With the first line below as the start and the line containing "Robustness of Neuroprosthetic" as the end, copy every line between them exactly, ends included.

[Collected data]

◆ ◆ ◆ ◆ ◆

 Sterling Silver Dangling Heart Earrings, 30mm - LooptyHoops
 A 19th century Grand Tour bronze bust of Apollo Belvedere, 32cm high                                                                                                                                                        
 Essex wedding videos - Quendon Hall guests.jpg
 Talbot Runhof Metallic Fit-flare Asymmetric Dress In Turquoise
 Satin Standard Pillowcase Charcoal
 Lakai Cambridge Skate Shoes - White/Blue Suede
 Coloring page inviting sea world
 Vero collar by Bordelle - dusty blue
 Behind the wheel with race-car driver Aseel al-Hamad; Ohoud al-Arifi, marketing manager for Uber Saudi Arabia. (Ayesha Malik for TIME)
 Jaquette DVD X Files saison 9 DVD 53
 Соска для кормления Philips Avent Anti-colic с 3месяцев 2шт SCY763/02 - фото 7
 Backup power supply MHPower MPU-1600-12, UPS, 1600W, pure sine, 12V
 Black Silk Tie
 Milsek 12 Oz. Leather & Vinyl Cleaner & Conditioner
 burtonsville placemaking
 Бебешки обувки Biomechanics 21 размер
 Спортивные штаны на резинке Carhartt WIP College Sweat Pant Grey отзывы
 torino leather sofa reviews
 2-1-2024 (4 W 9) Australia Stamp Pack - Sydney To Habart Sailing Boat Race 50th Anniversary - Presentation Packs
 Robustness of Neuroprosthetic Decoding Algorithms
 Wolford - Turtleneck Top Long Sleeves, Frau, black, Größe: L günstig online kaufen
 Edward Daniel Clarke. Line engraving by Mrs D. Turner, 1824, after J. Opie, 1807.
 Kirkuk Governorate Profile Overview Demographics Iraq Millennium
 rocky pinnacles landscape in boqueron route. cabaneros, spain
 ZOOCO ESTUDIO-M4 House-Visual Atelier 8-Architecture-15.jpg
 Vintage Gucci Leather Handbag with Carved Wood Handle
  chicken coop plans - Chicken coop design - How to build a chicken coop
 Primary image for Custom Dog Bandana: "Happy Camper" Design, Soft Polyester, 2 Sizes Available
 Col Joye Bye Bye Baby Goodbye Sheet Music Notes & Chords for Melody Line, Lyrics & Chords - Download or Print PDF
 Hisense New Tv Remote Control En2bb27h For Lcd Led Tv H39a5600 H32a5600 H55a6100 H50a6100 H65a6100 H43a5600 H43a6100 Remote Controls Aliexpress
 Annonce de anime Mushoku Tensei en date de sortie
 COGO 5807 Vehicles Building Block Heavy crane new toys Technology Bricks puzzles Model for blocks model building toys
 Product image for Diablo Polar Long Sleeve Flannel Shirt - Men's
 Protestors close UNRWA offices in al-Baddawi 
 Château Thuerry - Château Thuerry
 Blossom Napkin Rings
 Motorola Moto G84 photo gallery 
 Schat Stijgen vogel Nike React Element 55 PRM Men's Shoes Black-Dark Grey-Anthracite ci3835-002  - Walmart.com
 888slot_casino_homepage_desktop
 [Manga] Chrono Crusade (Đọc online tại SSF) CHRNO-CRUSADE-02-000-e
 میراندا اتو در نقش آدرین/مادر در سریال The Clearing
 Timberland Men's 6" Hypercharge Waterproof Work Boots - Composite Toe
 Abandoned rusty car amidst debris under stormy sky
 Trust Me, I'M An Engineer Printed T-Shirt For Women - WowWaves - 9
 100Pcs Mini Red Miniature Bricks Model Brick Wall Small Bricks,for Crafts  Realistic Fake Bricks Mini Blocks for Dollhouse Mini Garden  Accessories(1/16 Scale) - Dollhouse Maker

◆ ◆ ◆ ◆ ◆

- **Written response**
 Sterling Silver Dangling Heart Earrings, 30mm - LooptyHoops
 A 19th century Grand Tour bronze bust of Apollo Belvedere, 32cm high                                                                                                                                                        
 Essex wedding videos - Quendon Hall guests.jpg
 Talbot Runhof Metallic Fit-flare Asymmetric Dress In Turquoise
 Satin Standard Pillowcase Charcoal
 Lakai Cambridge Skate Shoes - White/Blue Suede
 Coloring page inviting sea world
 Vero collar by Bordelle - dusty blue
 Behind the wheel with race-car driver Aseel al-Hamad; Ohoud al-Arifi, marketing manager for Uber Saudi Arabia. (Ayesha Malik for TIME)
 Jaquette DVD X Files saison 9 DVD 53
 Соска для кормления Philips Avent Anti-colic с 3месяцев 2шт SCY763/02 - фото 7
 Backup power supply MHPower MPU-1600-12, UPS, 1600W, pure sine, 12V
 Black Silk Tie
 Milsek 12 Oz. Leather & Vinyl Cleaner & Conditioner
 burtonsville placemaking
 Бебешки обувки Biomechanics 21 размер
 Спортивные штаны на резинке Carhartt WIP College Sweat Pant Grey отзывы
 torino leather sofa reviews
 2-1-2024 (4 W 9) Australia Stamp Pack - Sydney To Habart Sailing Boat Race 50th Anniversary - Presentation Packs
 Robustness of Neuroprosthetic Decoding Algorithms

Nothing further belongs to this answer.